Holland v. Information Commissioner & University of East Anglia, First Tier Tribunal, 29 April 2013 – read judgment
In 2009 someone hacked into e-mails belonging to the Climate Research Unit at UEA and leaked them widely. Climate change sceptics whooped with delight because they thought that the e-mails showed attempts to suppress or gerrymander climate data (see e.g. this example from James Delingpole with some of the ticklish e-mails, and for more background, less tendentiously put, my post on an earlier UEA case). And the CRU data was important; it had made its way into the highly influential IPCC reports.
UEA understandably thought that something needed doing in response to the leaks, and commissioned an inquiry, the Independent Climate Change E-mail Review. ICCER reported in 2010: see here for the report and here for a short summary. ICCER concluded that there had not been any systematic manipulation of data, though there had been a lack of openness by CRU in dealing with requests for information.
This recent decision concerns a campaigner’s efforts to get copies of the working papers of the Review. The First Tier Tribunal (as the Information Commissioner before it) refused to order UEA to produce them. UEA did not “hold” them, ICCER did. And ICCER was not a public authority capable of being ordered to produce them.
This is not the first time, by any means, that the UEA came across the Environment Information Regulations (EIR) – derived from the Aarhus Convention and the EU Directive on public access to environmental information. When the leaks occurred, a lot of requests for further information were put in (105 in 2009 alone) and some of the criticism of UEA in ICCER’s report was about how the UEA responded to these requests. More recently, the Information Commissioner published a ruling telling CRU to release some weather data it had put together from all over the world.
This time, the issue was simple to state, though not so simple to answer. UEA commissioned the Review. The Review held information. But did UEA “hold’ that information?

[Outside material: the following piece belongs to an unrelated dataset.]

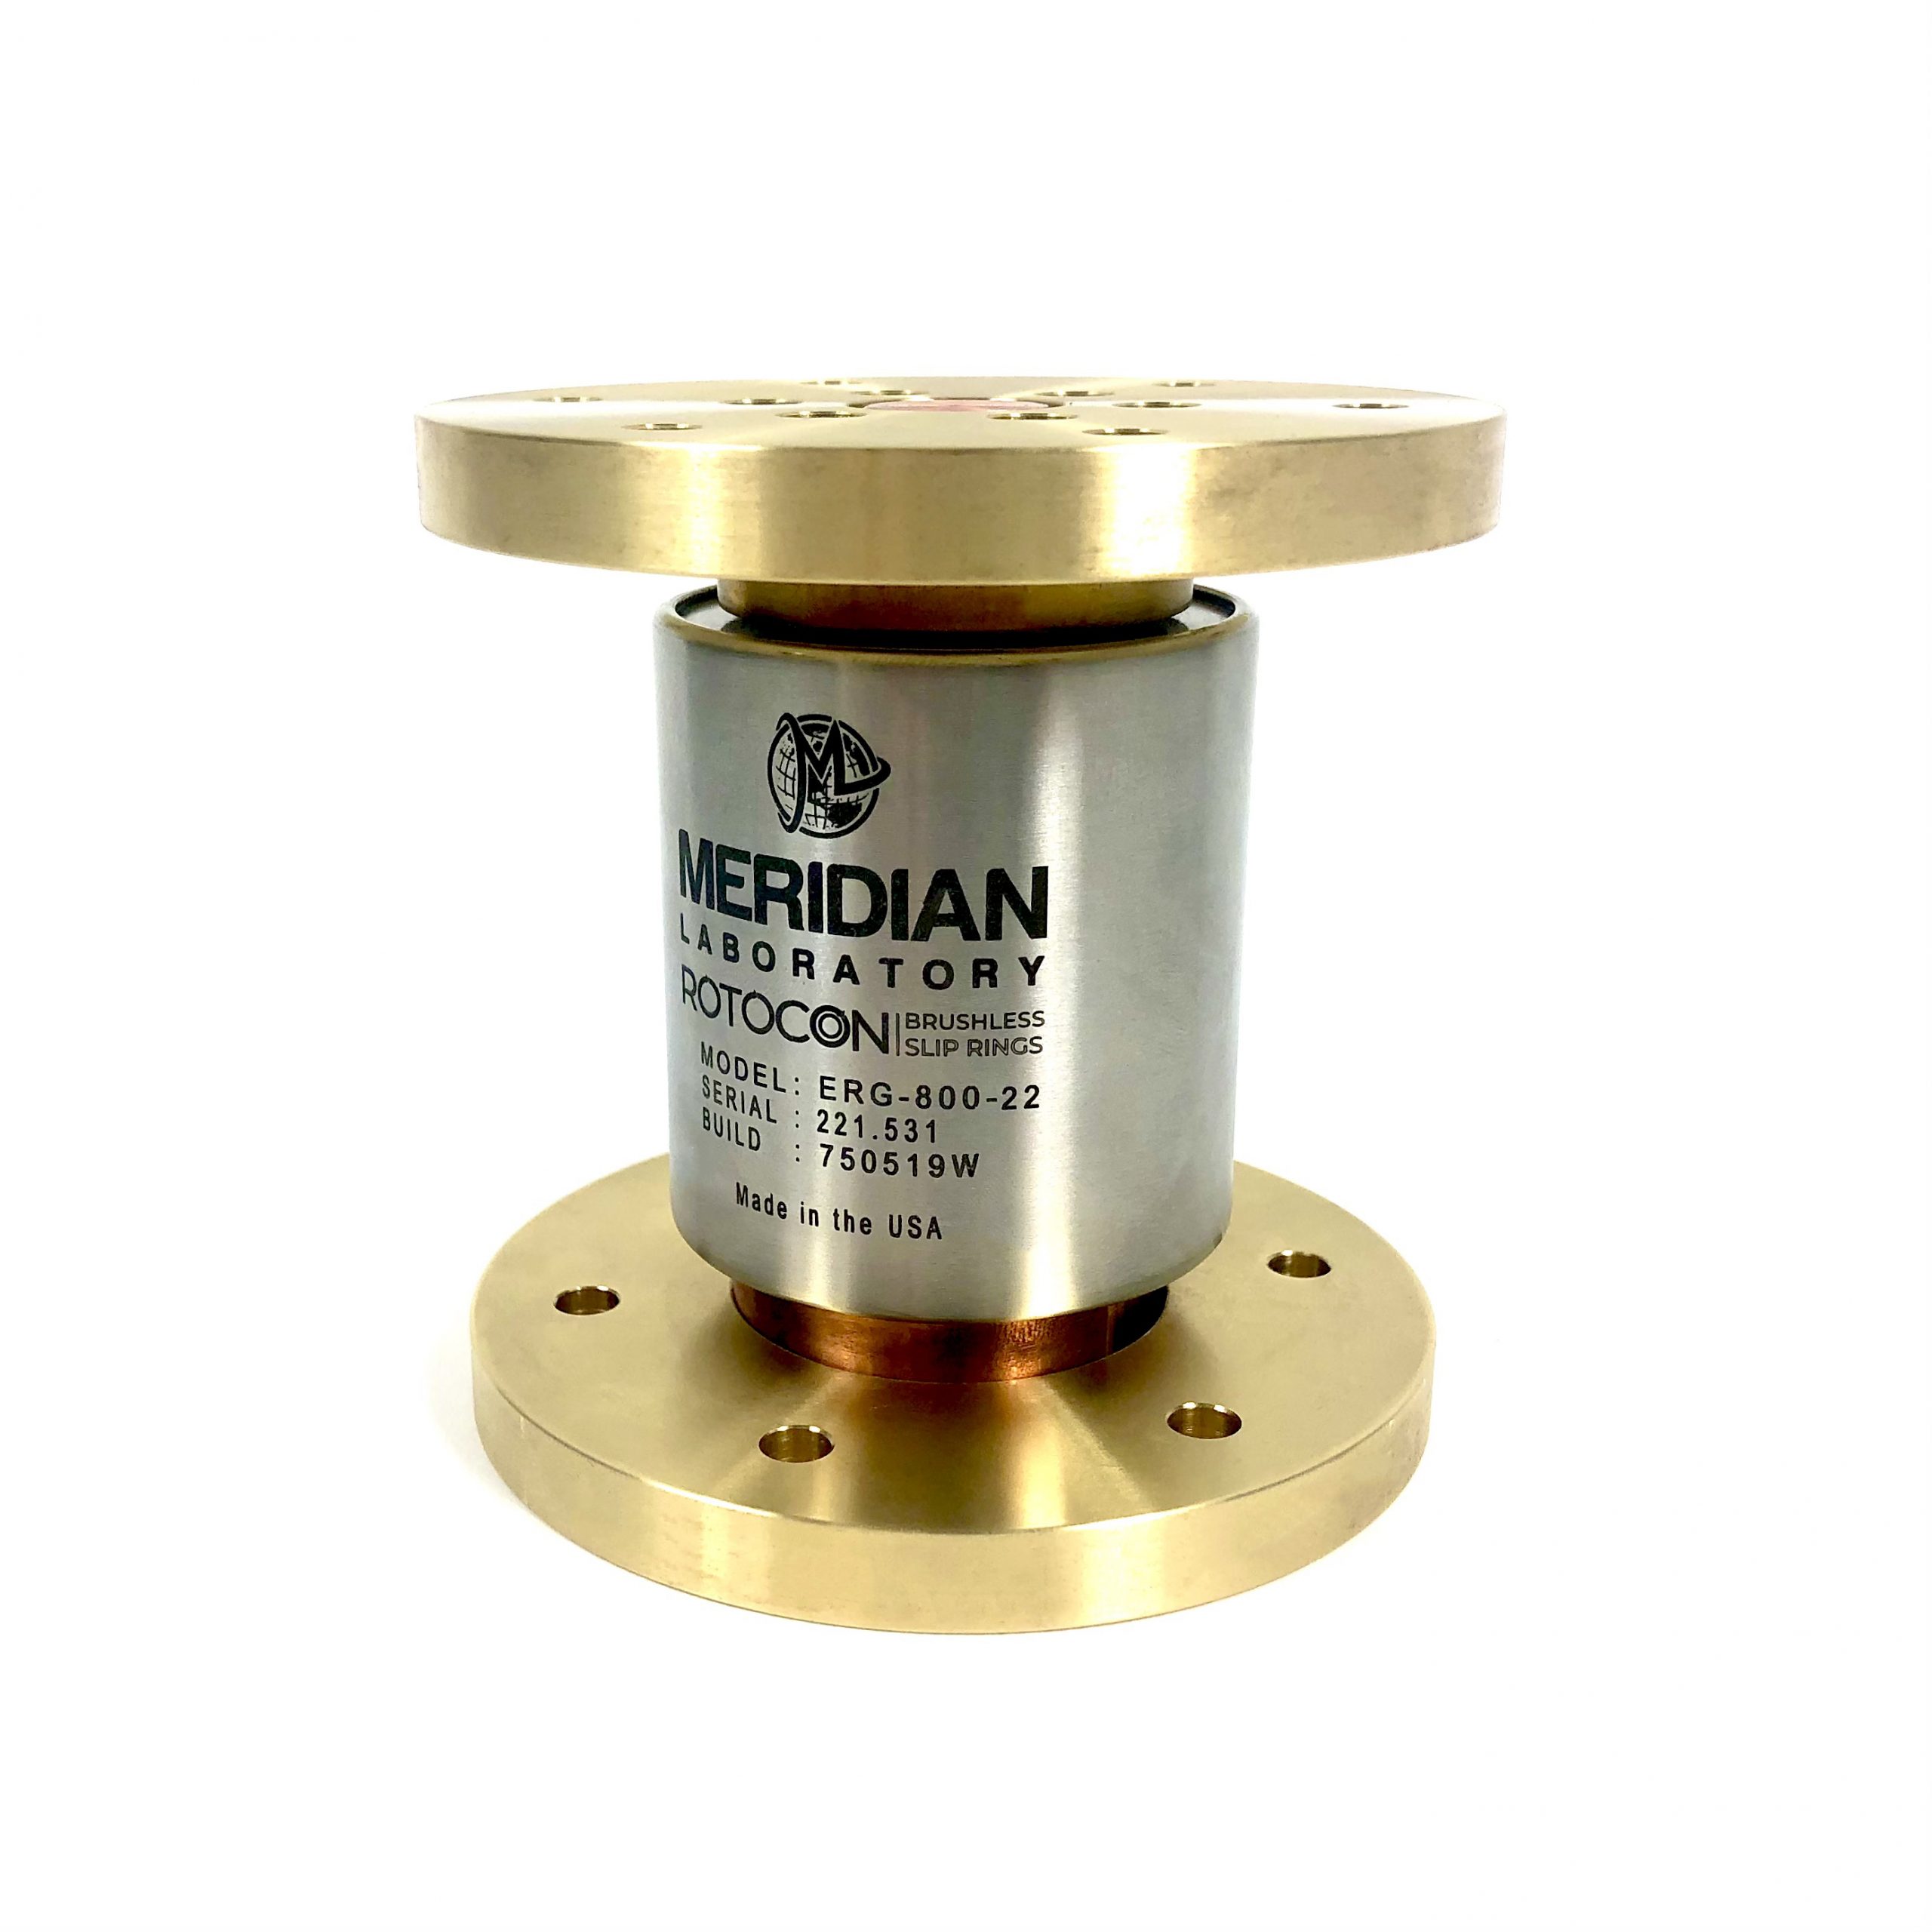 EndoRing® Metal Ruler Reduced Glare – Jordco

The question is set by reg.3(2) of the EIR: information was held by a public authority if it is in the authority’s possession and has been produced or received by the authority, or is held by another person on behalf of the authority. It matters, of course, because if ICCER held it on its (ICCER’s) own behalf, UEA could not be ordered to release it up to third party requests.
There is a certain amount of learning on this test, helpfully set out at - of the ruling. The test is not whether the public authority controls or possesses or owns the information in question, simply whether it “holds” it – an ordinary English word.
The appellant’s case was pretty uncompromising:
the ICCER was a sham, and that it was always under the control of the UEA, and that it was set up to exculpate its scientists of any criminal offences and protect its reputation.
He pointed to one of the Review team being an ex-UEA academic (there for 18 years), and the way in which the appellant’s submission had been redacted (to avoid defamatory material, said ICCER). So, the appellant argued, the ICCER held them for UEA, and the documents could be obtained from UEA.
The Information Commissioner and UEA rejected this. The whole purpose of the inquiry was an independent review of the e-mail saga and it was set up so that its chair (Sir Muir Russell, ex civil servant and Glasgow University Vice-Chancellor) could decide exactly how to run it. He chose the team, and then went about directing the Review.
This account was accepted by the FTT. They heard evidence from Sir Muir and Professor Edward Acton, the Vice-Chancellor of UEA, and it is evident that they were cross-examined hard on the sham/whitewash theory. The FTT did think it surprising that there was no written contract between UEA and Sir Muir, which might have been expected to explain the basis upon which the documentation was held after completion of the review – this was despite Sir Muir having his own lawyers in place. Equally, the FTT thought it may have been unwise to appoint the ex-UEA academic as part of the reviewing team. But there was ultimately no evidence that the ICCER was effectively controlled by UEA, and hence ICCER (in effect Sir Muir) held the documents, and UEA did not.
It is a little odd that a public authority can commission an inquiry of this sort, pay for it, and use its results, in this case, broadly to clear its name, and then not be able to produce documents which, had the inquiry been internal, it would have been required to produce to the requester. The appellant put it thus:
a public authority can simply outsource any embarrassing environmental matters to casual employees and private companies who might do the authorities’ bidding and then destroy any inconvenient information that the authority wishes to ignore.
Well, no, it cannot, or it can only do so without being subject to the EIRs where the inquiry is truly independent of the public authority. And if the inquiry is not truly independent of the public authority, it will not have the credibility which it needs.
So the FTT dismissed the appeal as matters then stood. But they were not entirely happy that things should always remain as they are. Their parting shot was
It may be that the information should be held by the UEA and there may be good reason why, barring anything provided in confidence, the information should be passed to the UEA to form part of its historical records. Were that to happen, then in the future, the information may be held by the UEA.
The irony was not lost on them that the UEA witness was a historian by specialism who would ordinarily have been deeply interested in how documents would be kept and dealt with after completion of the review.